[[ Available data, beginning ]]

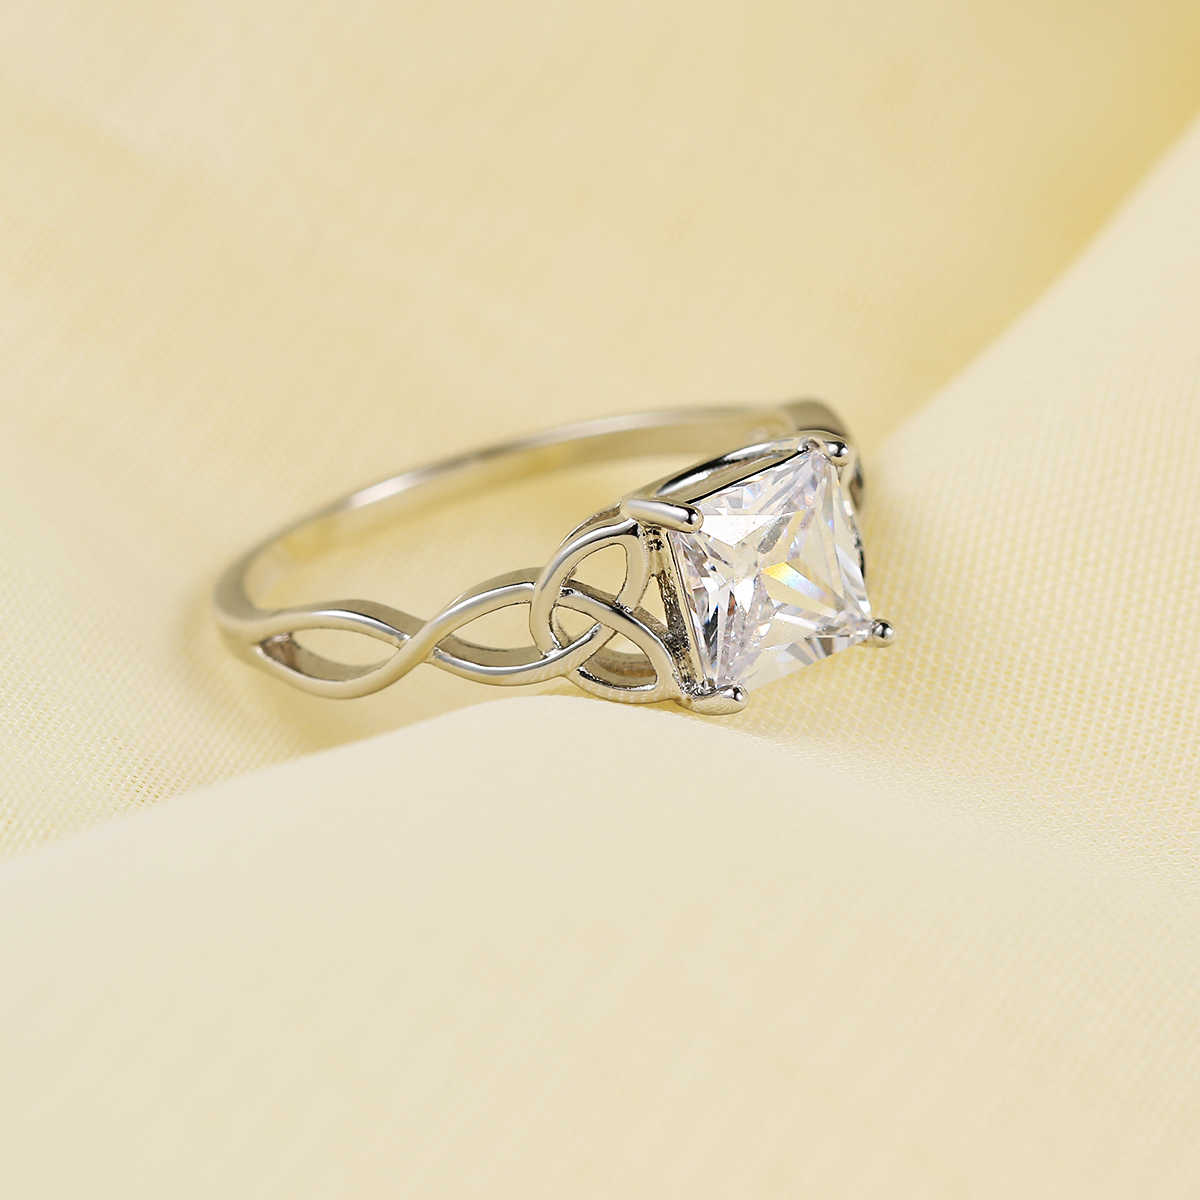 ZHOUYANG แหวนอารมณ์บางไขลานหมั้นแหวน Silver Silver Cubic Zirconia แฟชั่นเครื่องประดับของขวัญ DZR018
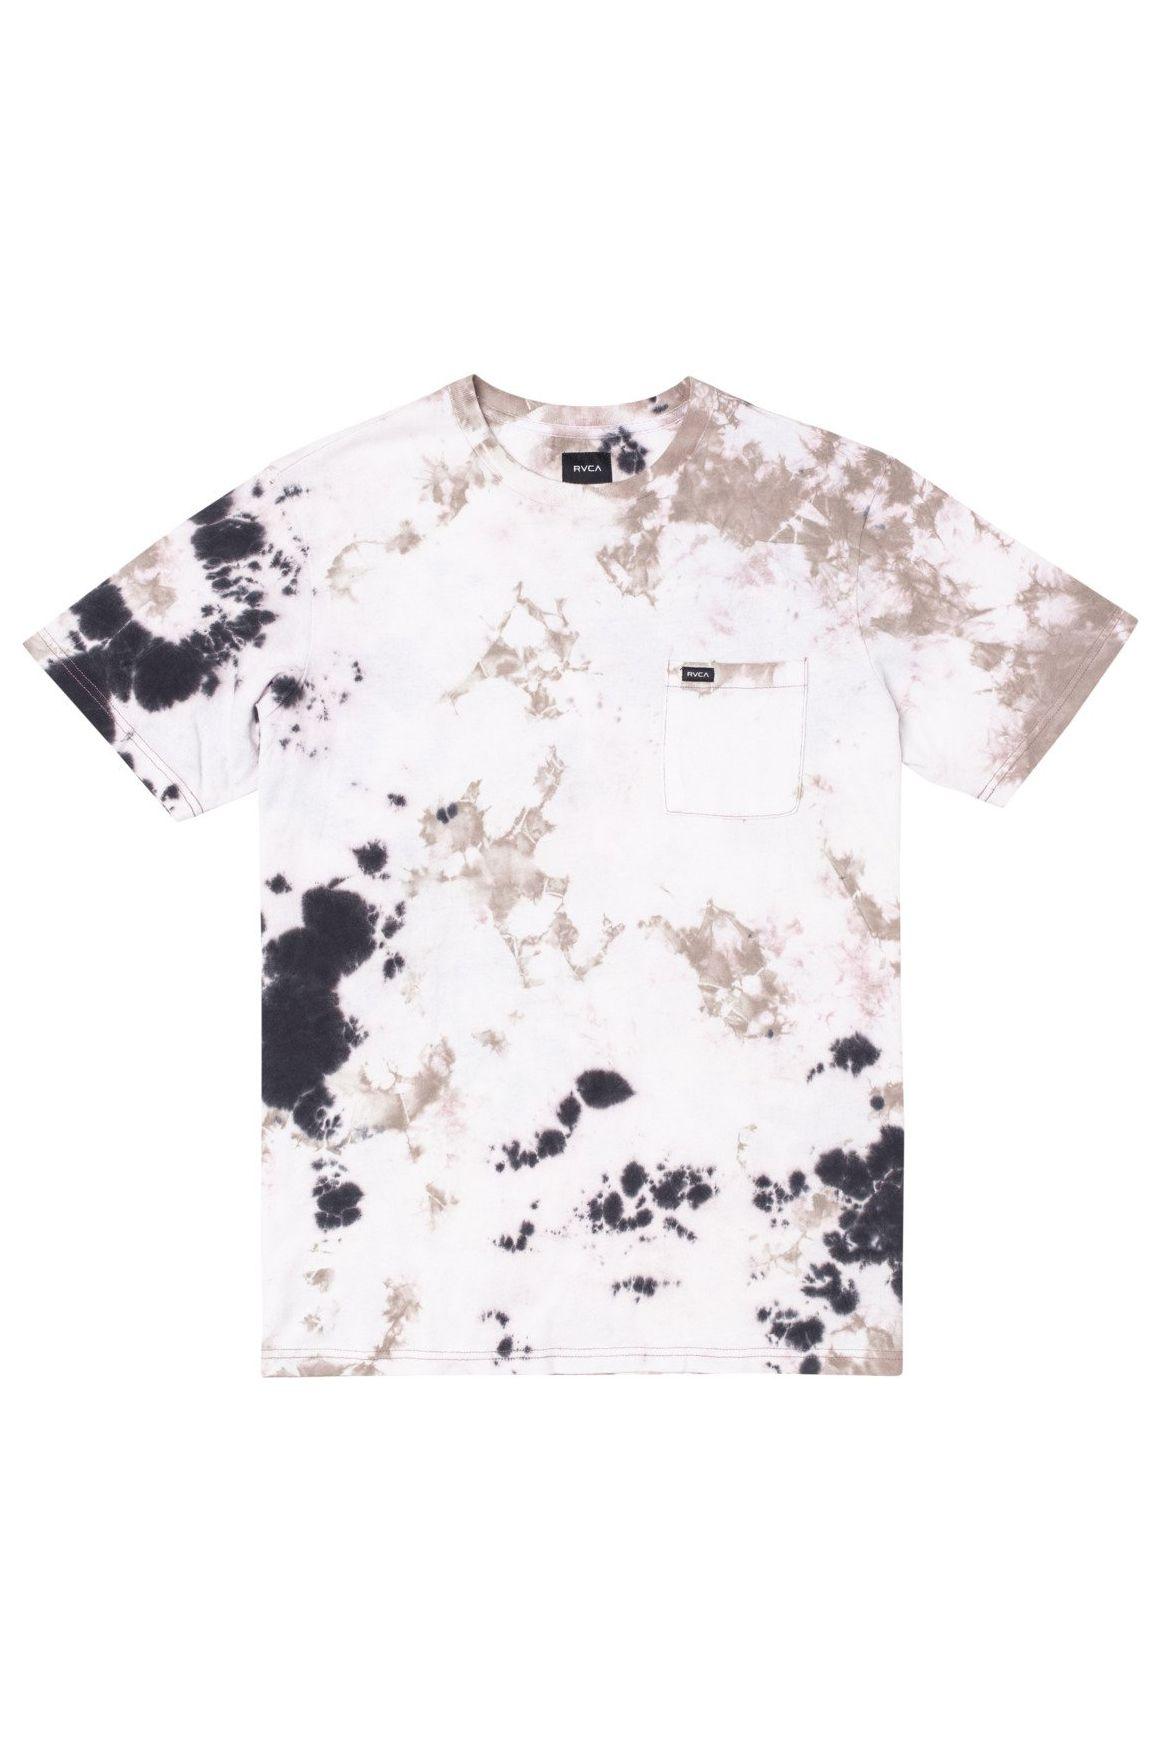 T-Shirt RVCA MANIC TIE DYE CREW Pale Mauve
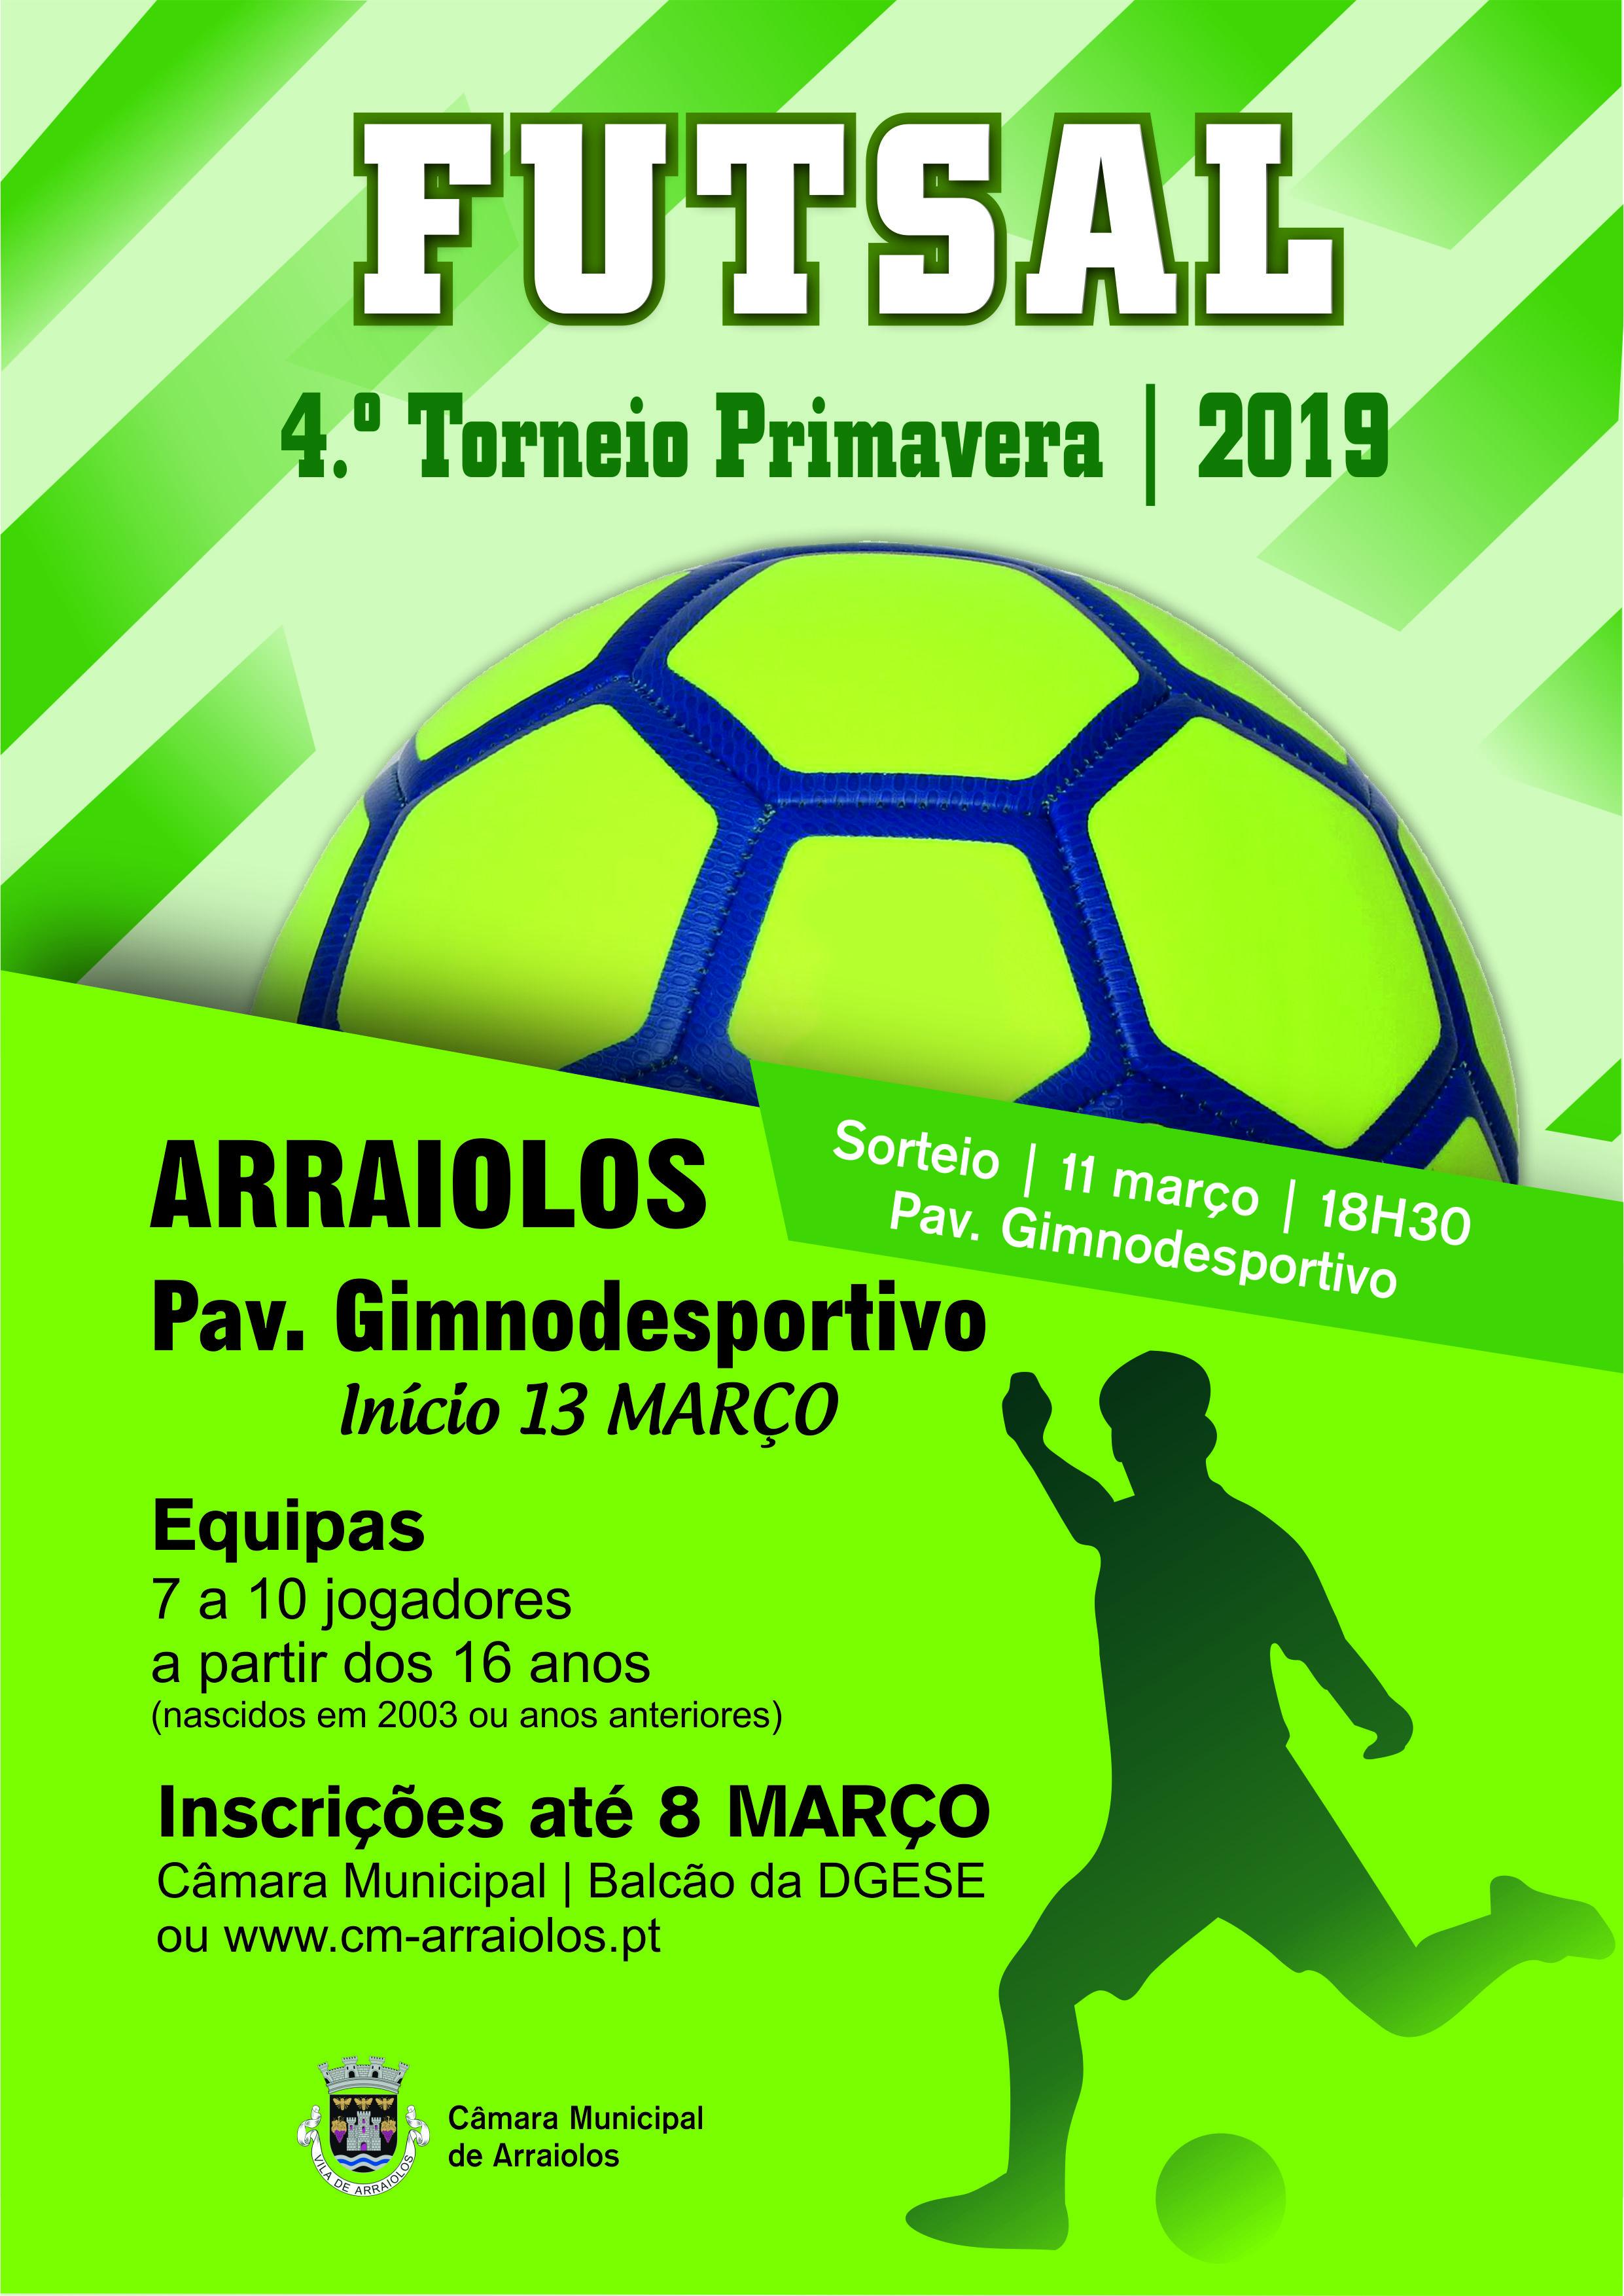 Futsal 4 torneio primavera.jpg

[[ Available data, end ]]

» Assignment: Provide the listing above once more, exactly, with the pictures removed.

» Written answer:
 ZHOUYANG แหวนอารมณ์บางไขลานหมั้นแหวน Silver Silver Cubic Zirconia แฟชั่นเครื่องประดับของขวัญ DZR018
 T-Shirt RVCA MANIC TIE DYE CREW Pale Mauve
 Futsal 4 torneio primavera.jpg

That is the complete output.